**TASK BRIEF:** The answer consists solely of the lines running from the one with "Zdjęcia - Barbie" through the final line below, transcribed exactly and without any pictures.

[[ DATA SECTION open ]]

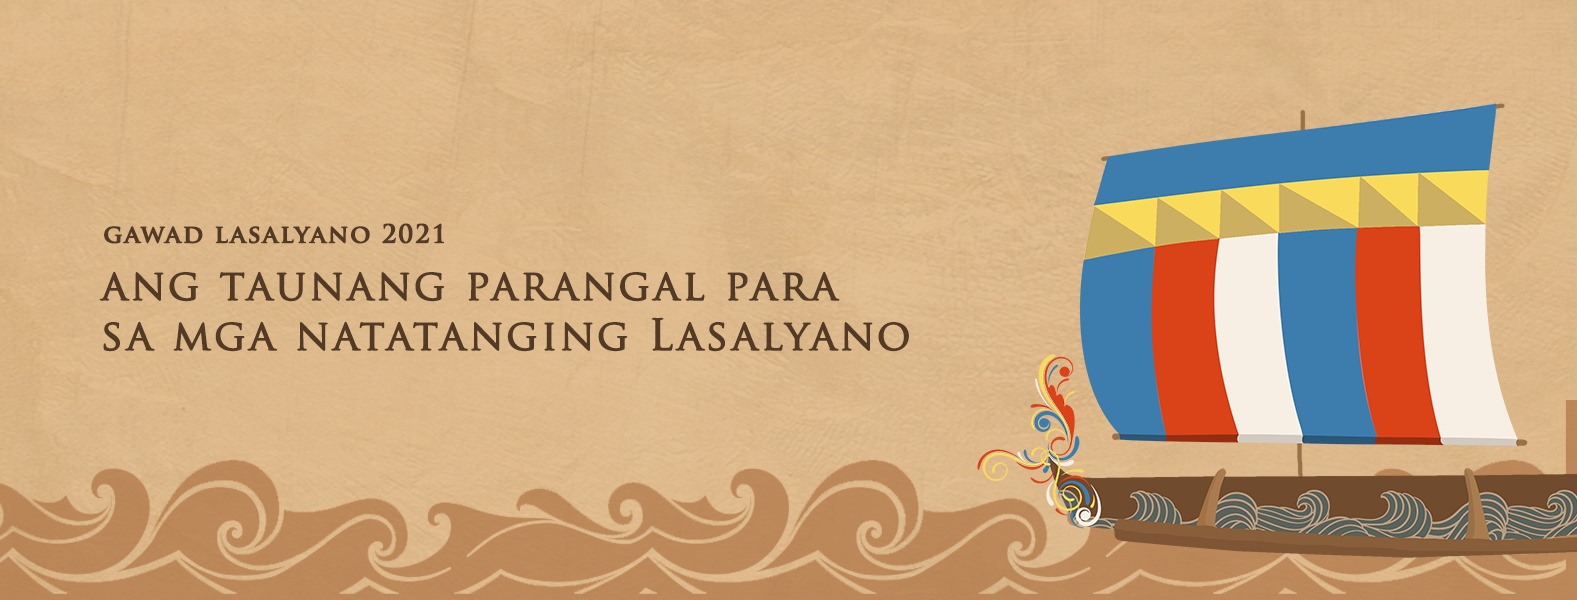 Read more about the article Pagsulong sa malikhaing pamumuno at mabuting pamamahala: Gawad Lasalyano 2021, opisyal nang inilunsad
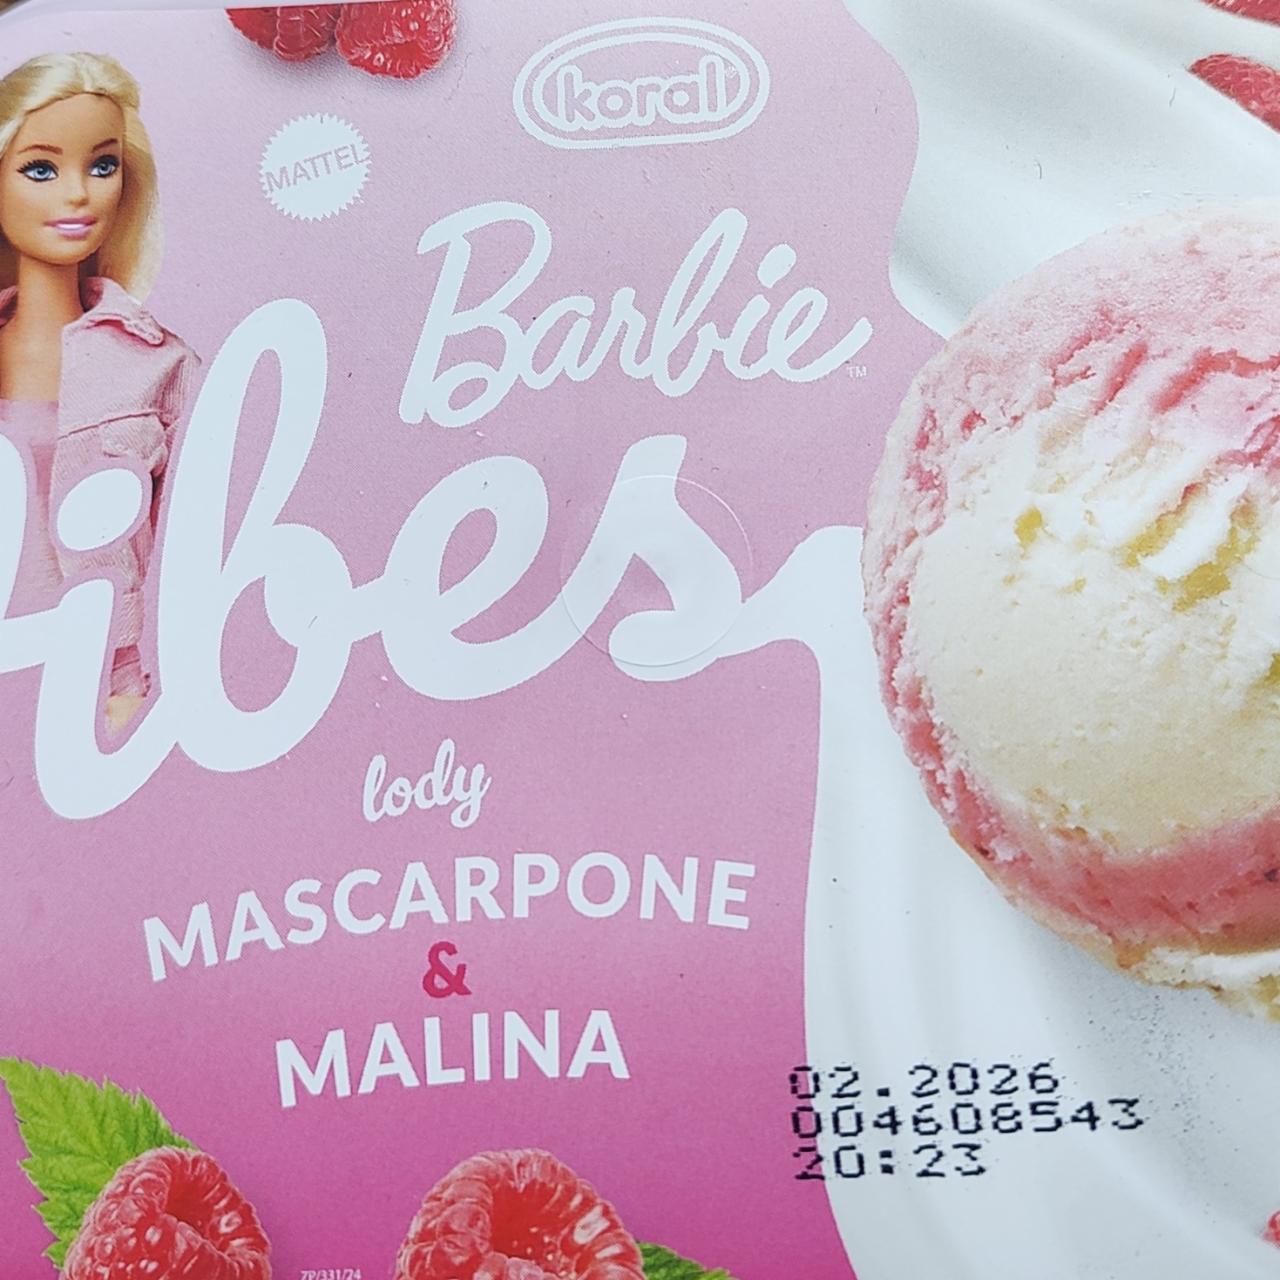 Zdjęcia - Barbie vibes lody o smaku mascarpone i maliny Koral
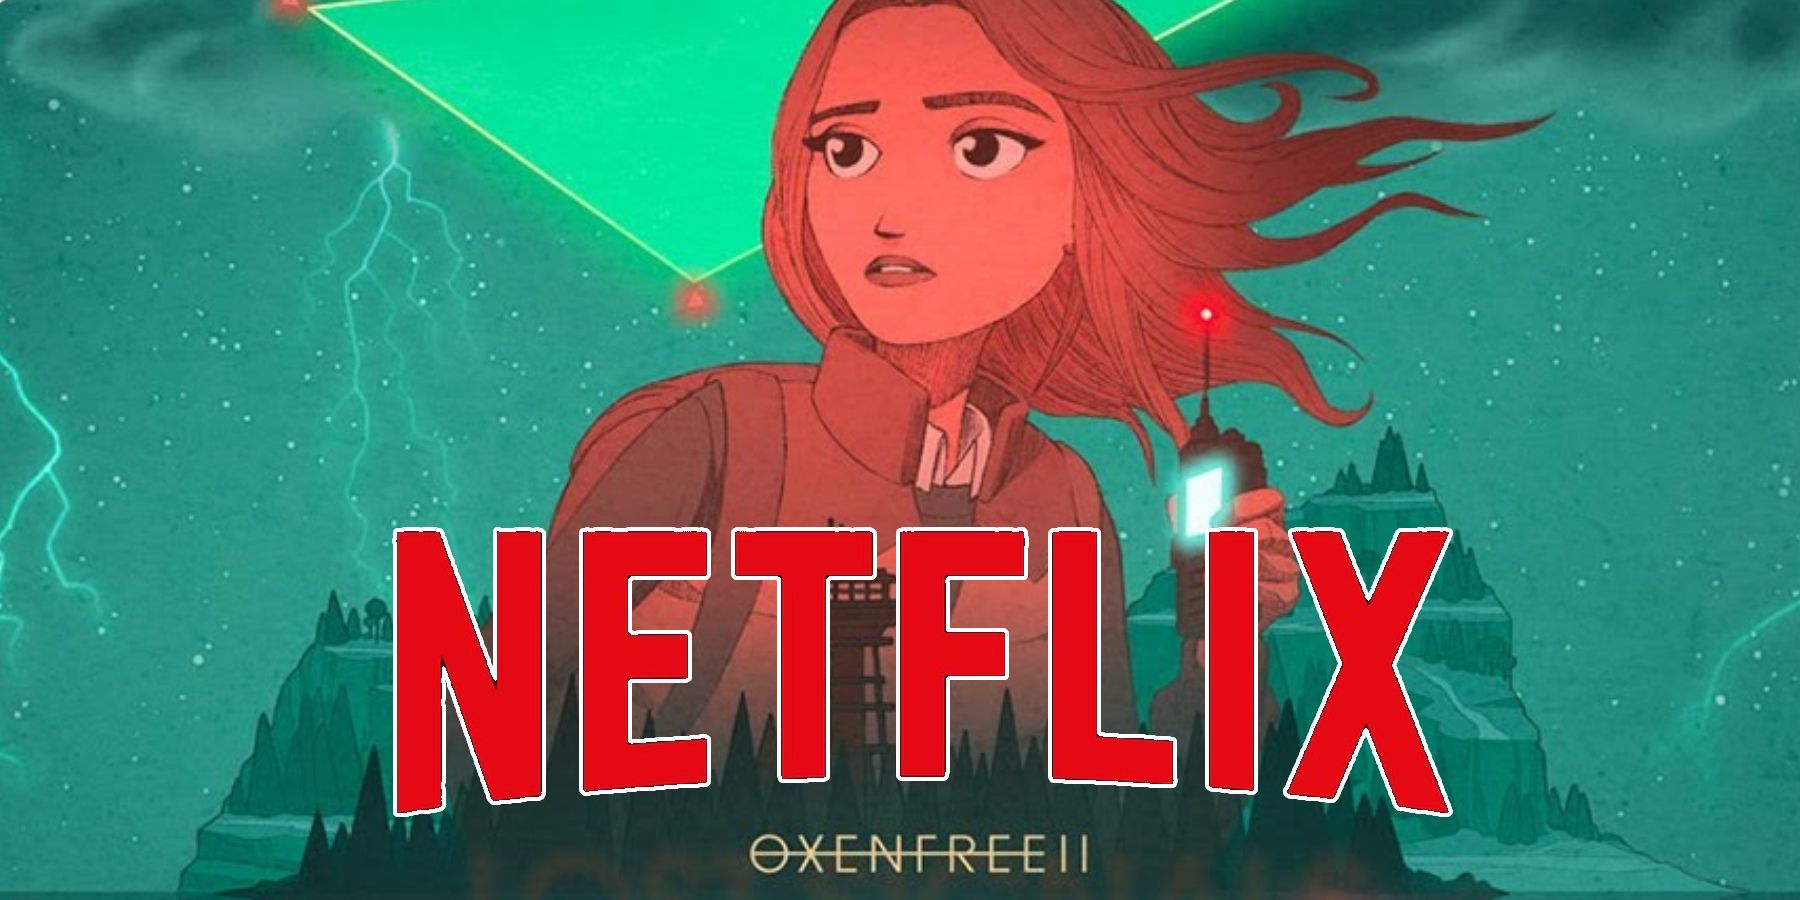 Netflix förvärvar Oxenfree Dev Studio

[[ DATA SECTION closed ]]

**YOUR SOLUTION:**
 Zdjęcia - Barbie vibes lody o smaku mascarpone i maliny Koral
 Netflix förvärvar Oxenfree Dev Studio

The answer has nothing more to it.